A study of over 350 families in Spain who had children from two different schools asked parents, children, and adolescents to rate their happiness levels – and the results showed that parents frequently underestimate how happy their children are.
The study also revealed that parents over-estimate the happiness of their younger children, but assess their teenagers as much more glum than they actually are. Laura Donnelly of The Telegraph reports that researchers said the discrepancies could stem from parents giving children happiness scores based on their own feelings.
This is referred to as “egocentric bias,” and it means that parents often rely on their own emotions when they are assessing their family’s happiness levels. When parents have reached the limit with their moody teens, they assume their teens are unhappy when the teens are actually just grumpy, the research suggested.
The study was published in the Journal of Experimental Child Psychology. Researchers believe it can provide valuable information that could actually improve parent-child relationships. Dr. Belen Lopaz-Perez, a Postdoctoral Research Fellow in Developmental and Social Psychology at Plymouth University and the author of the study, said:
“Studying informants’ discrepancies and the relationship between parents’ and children’s self-reports on happiness is vital to determine whether parental report is valid.”
Not only can misunderstandings between parents and their children occur when there is an inability to correctly read a child’s happiness, but the proper emotional support to attend to a child’s needs may not be given. But a study in 2013 found that 183 arguments occur per year between the average teenage girl and her mother, along with 164 door slammings, 257 fights with siblings, and 127 fights with friends.

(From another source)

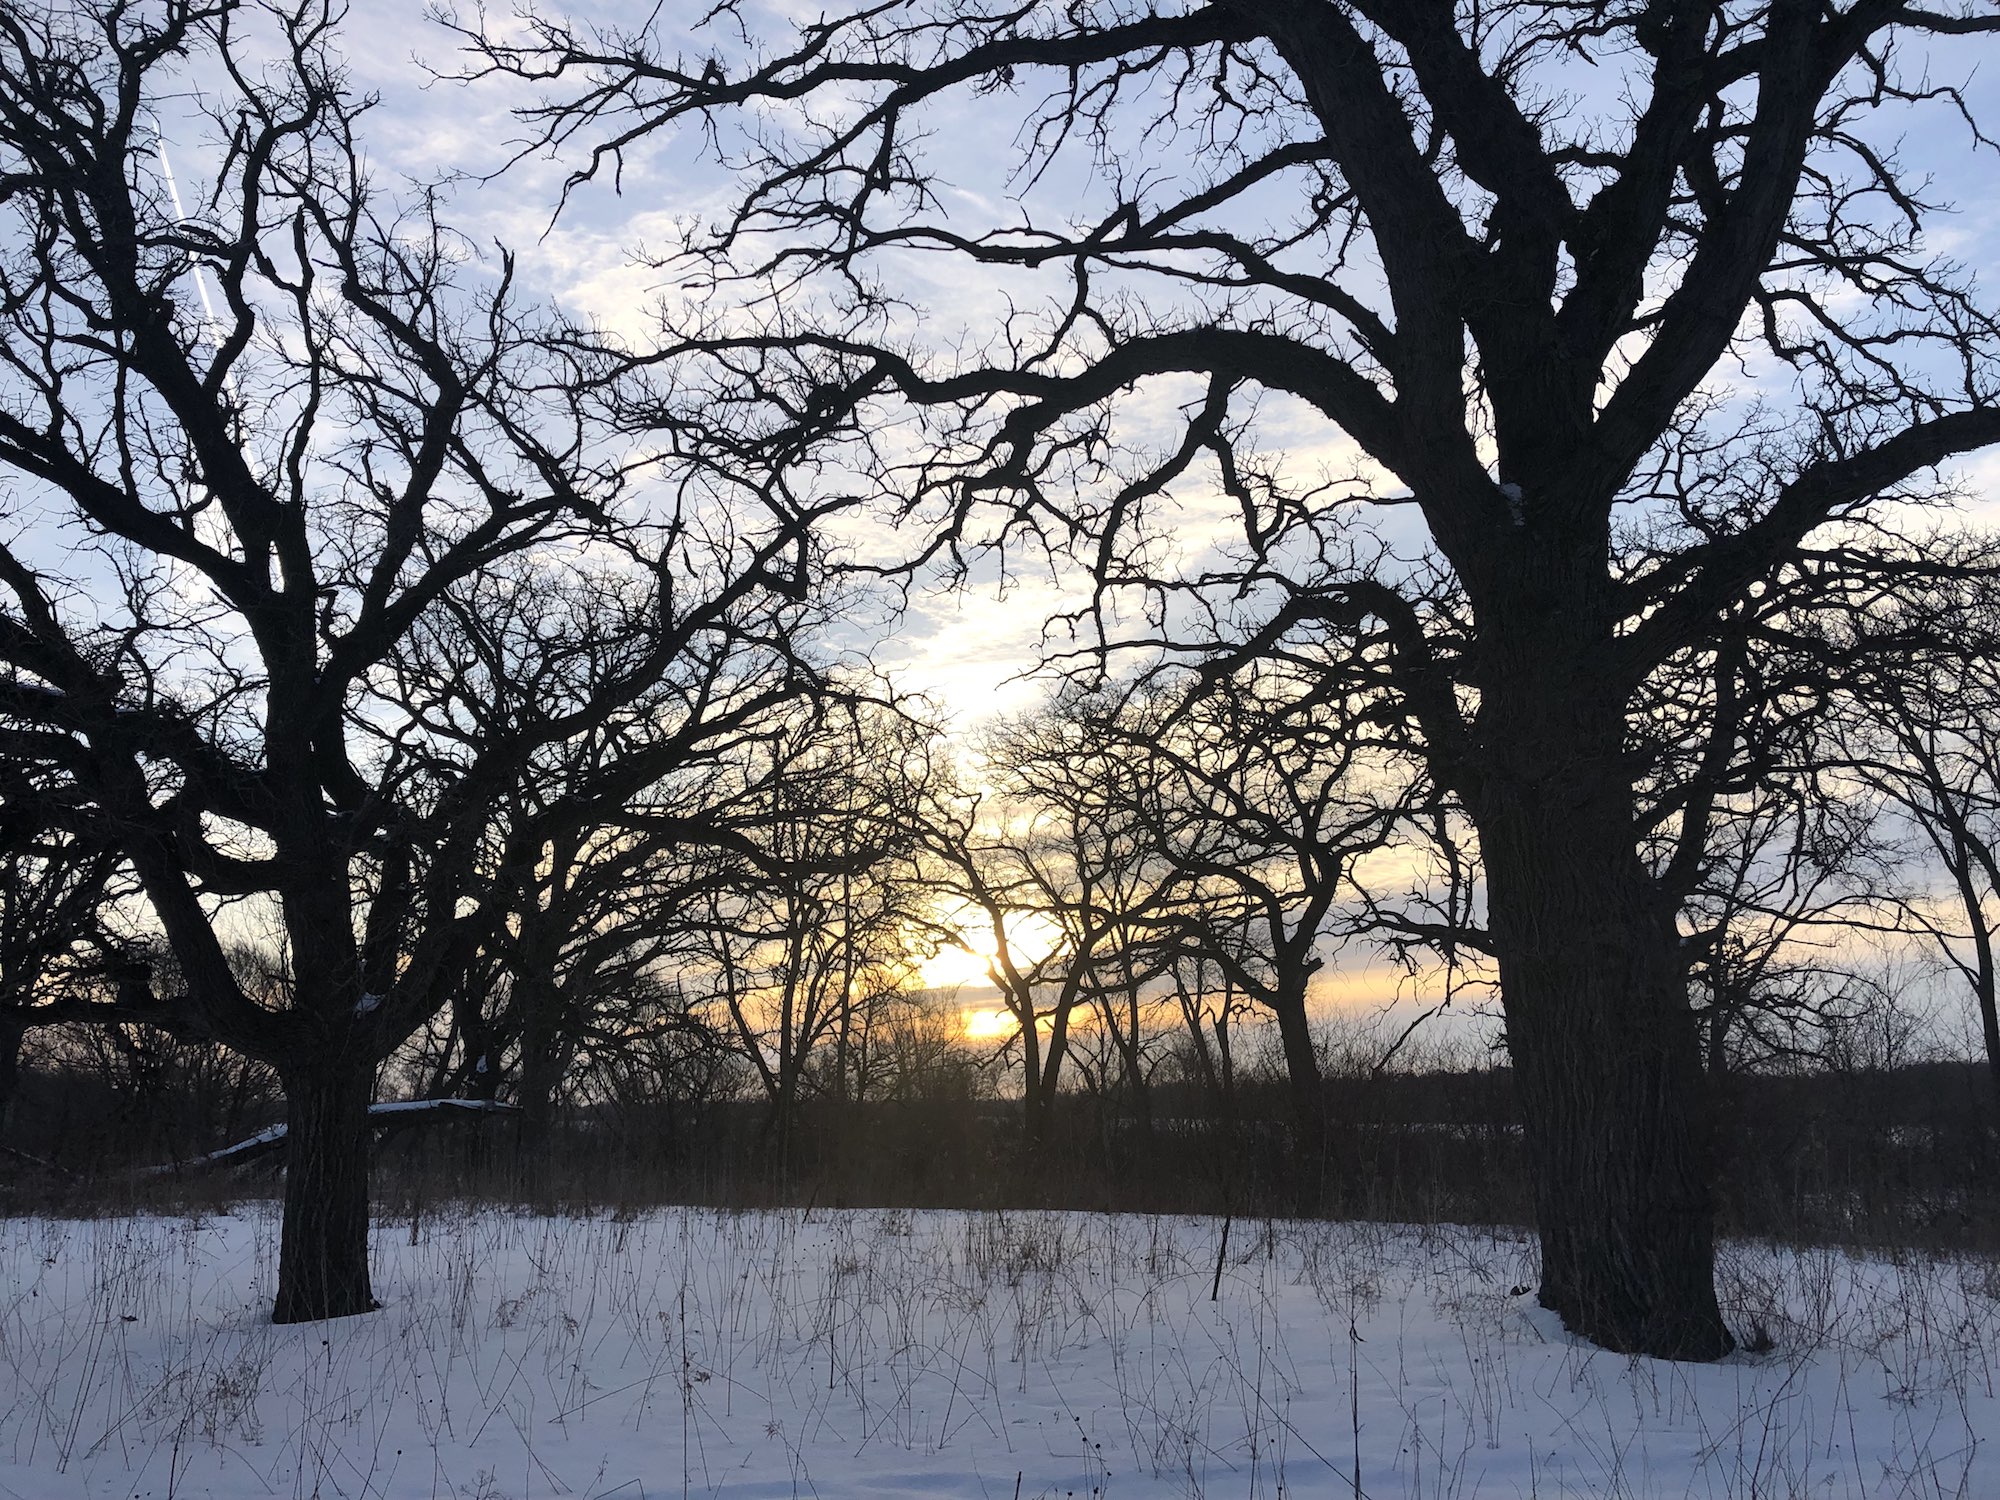 Oak Savanna on March 3, 2019 in University of Wisconsin Arboretum in Madison, Wisconsin on the north shore of Lake Wingra.

Other studies have found that there may be biological reasons for some adolescent behavior, particularly when it comes to sleep patterns. Research done at Oxford University discovered that students do better in class in the afternoon because their “body clocks” are programmed two hours later than the “clocks” of the rest of the population.

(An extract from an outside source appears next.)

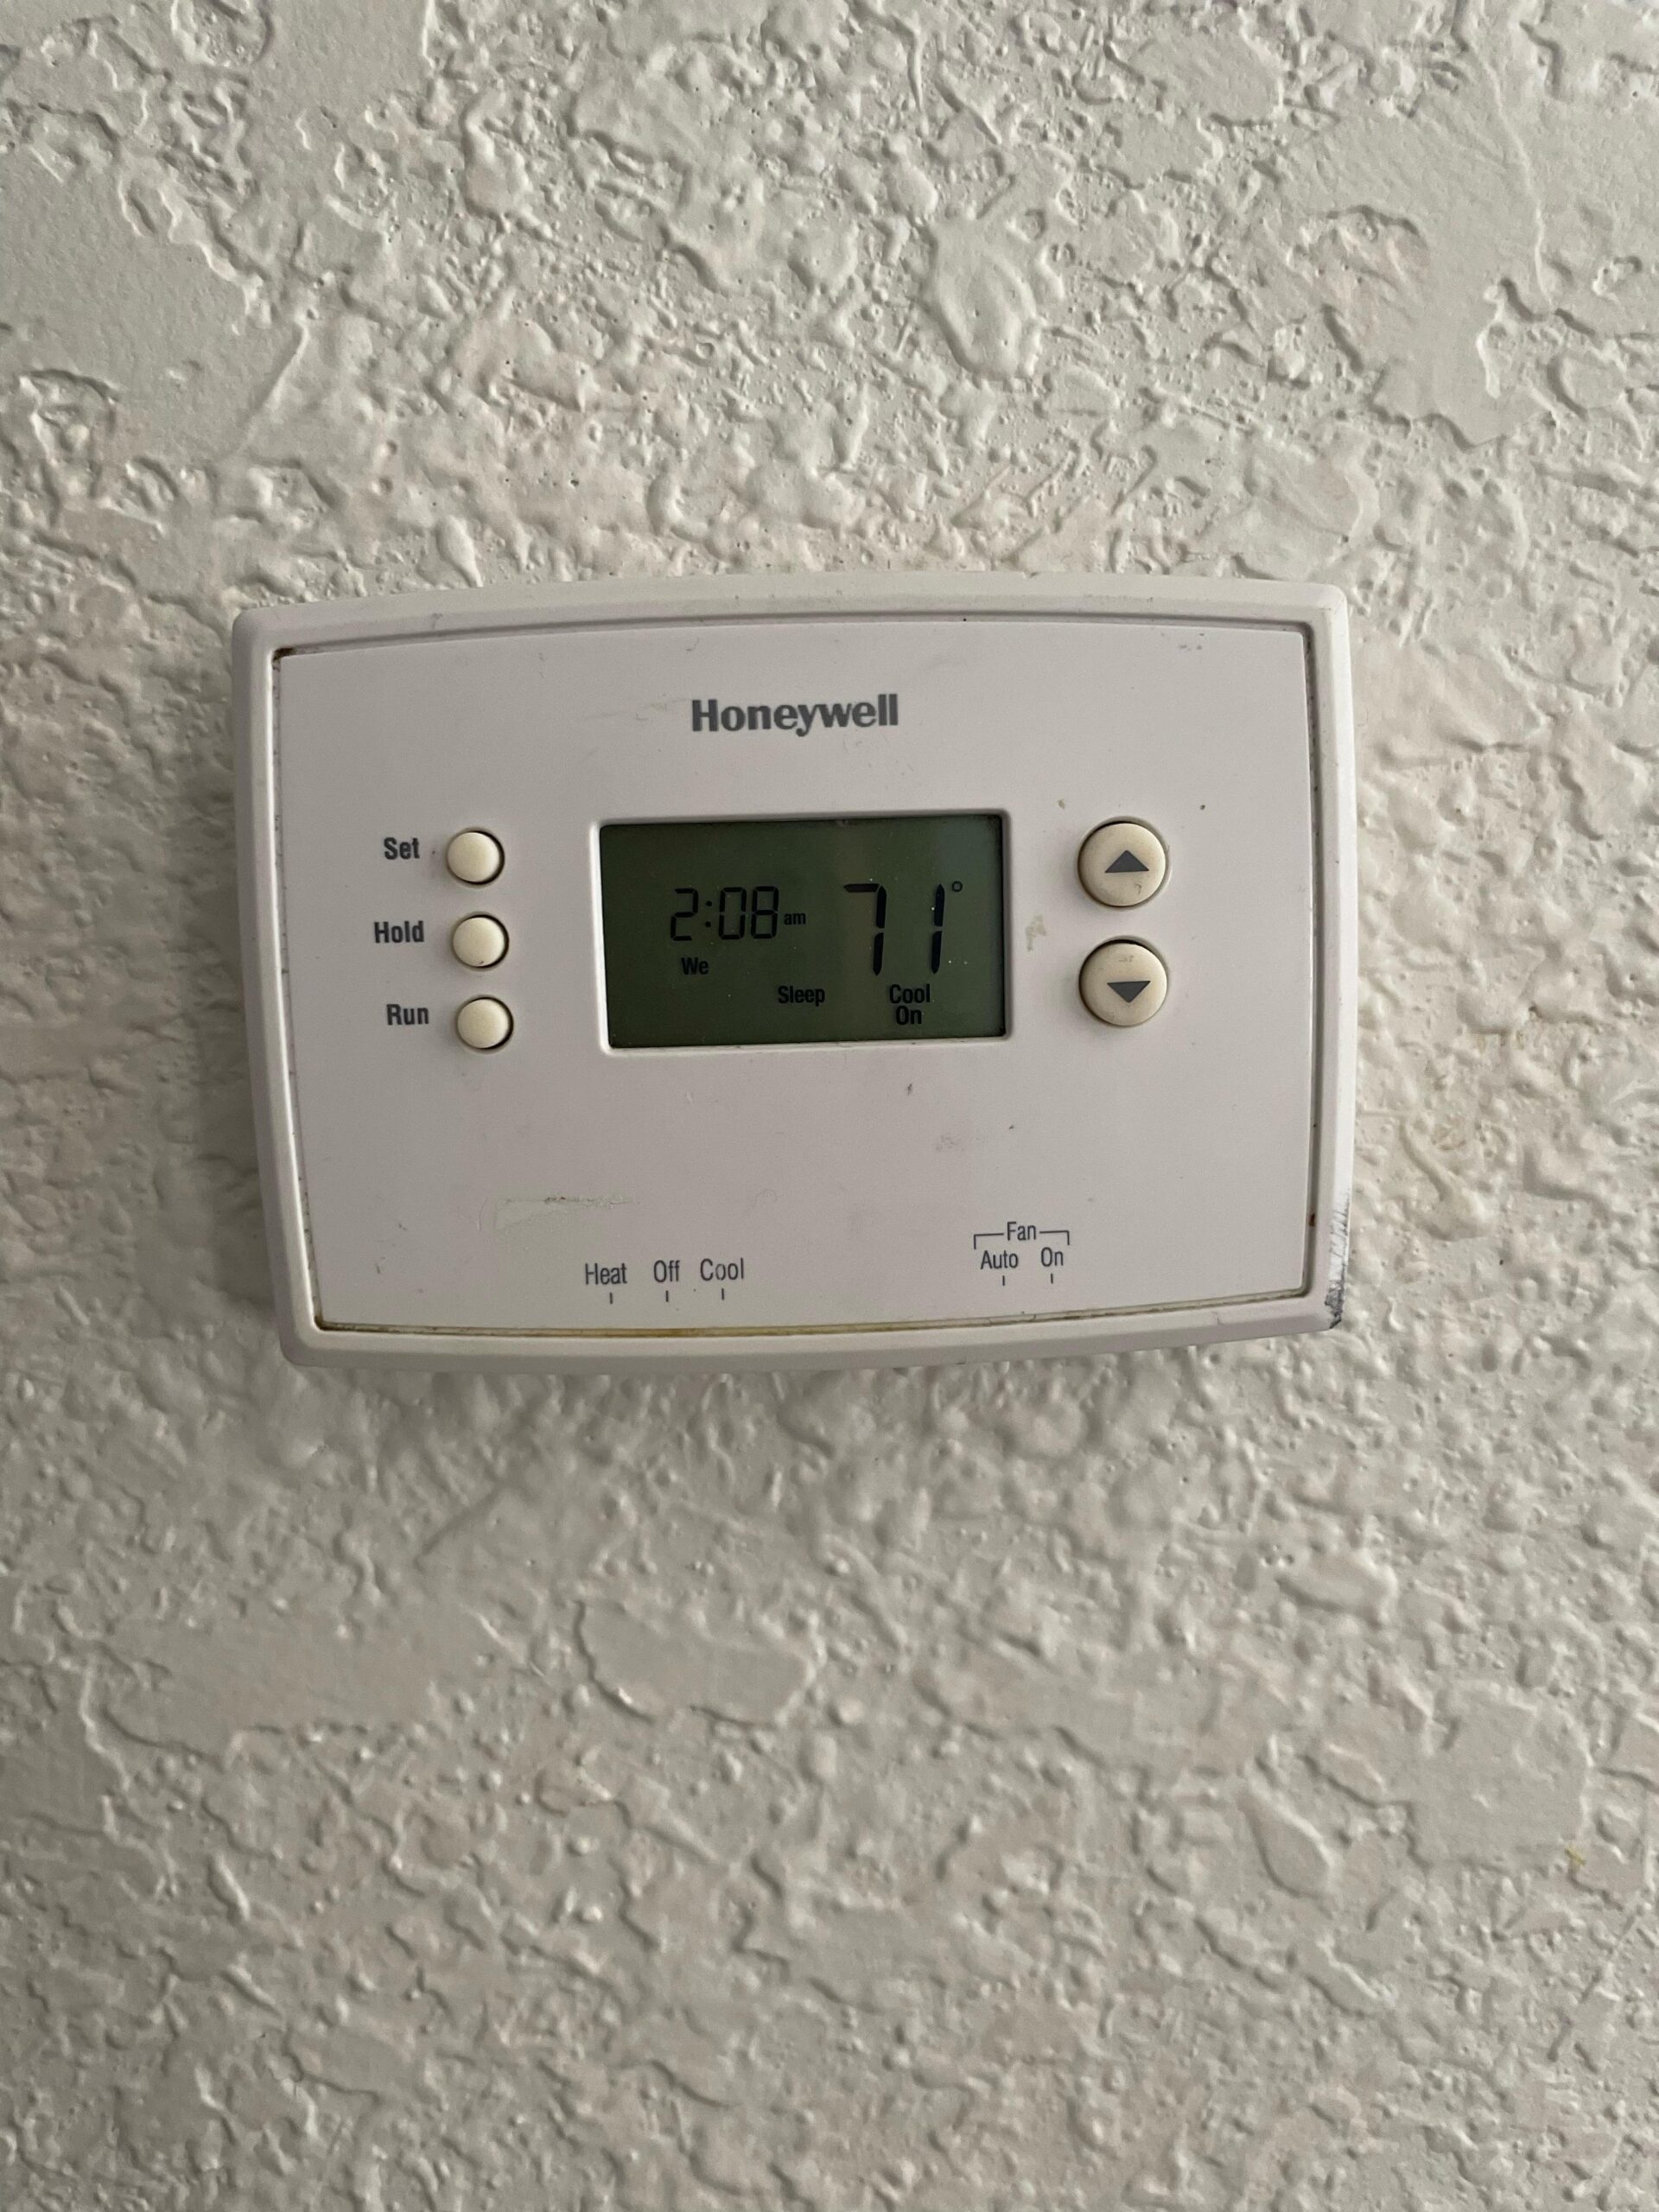 Honeywell Thermostat Keeps Clicking On and Off

Some scientific evidence shows that sulkiness could be attributed to adolescent hormonal changes., and tests have shown that the ability to empathize is not fully developed until a child reaches adulthood. A study that scanned the brains of teenagers, produced at Cambridge University, found that teens rarely use the part of the brain that analyzes the emotions and thoughts of others.
Raychelle Cassada Lohmann MS, LPC says in Psychology Today that one emotion parents may see in their teens, but not understand, is stress. While stress is a normal reaction to pressure, once the stressor is removed most people can go back to a calmer state. Lohmann says about 8% of teenagers 13 to 18 suffer from anxiety, which the result of chronic and prolonged periods of stress. Unfortunately, this anxiety can leave an adolescent feeling he or she is destined to “live a life of doom and gloom.”
Whether stressed out or suffering from normal teenage angst, parents and kids can benefit from several suggestions, says Lohmann. Eating in a healthful way and taking care of their bodies will help teens keep a sense of balance, and helping teens establish a bedtime routine that includes relaxing and unwinding to prepare them for sleep can help. And, although it may be difficult in some instances, parents need to get creative in the ways they encourage their teenagers to exercise.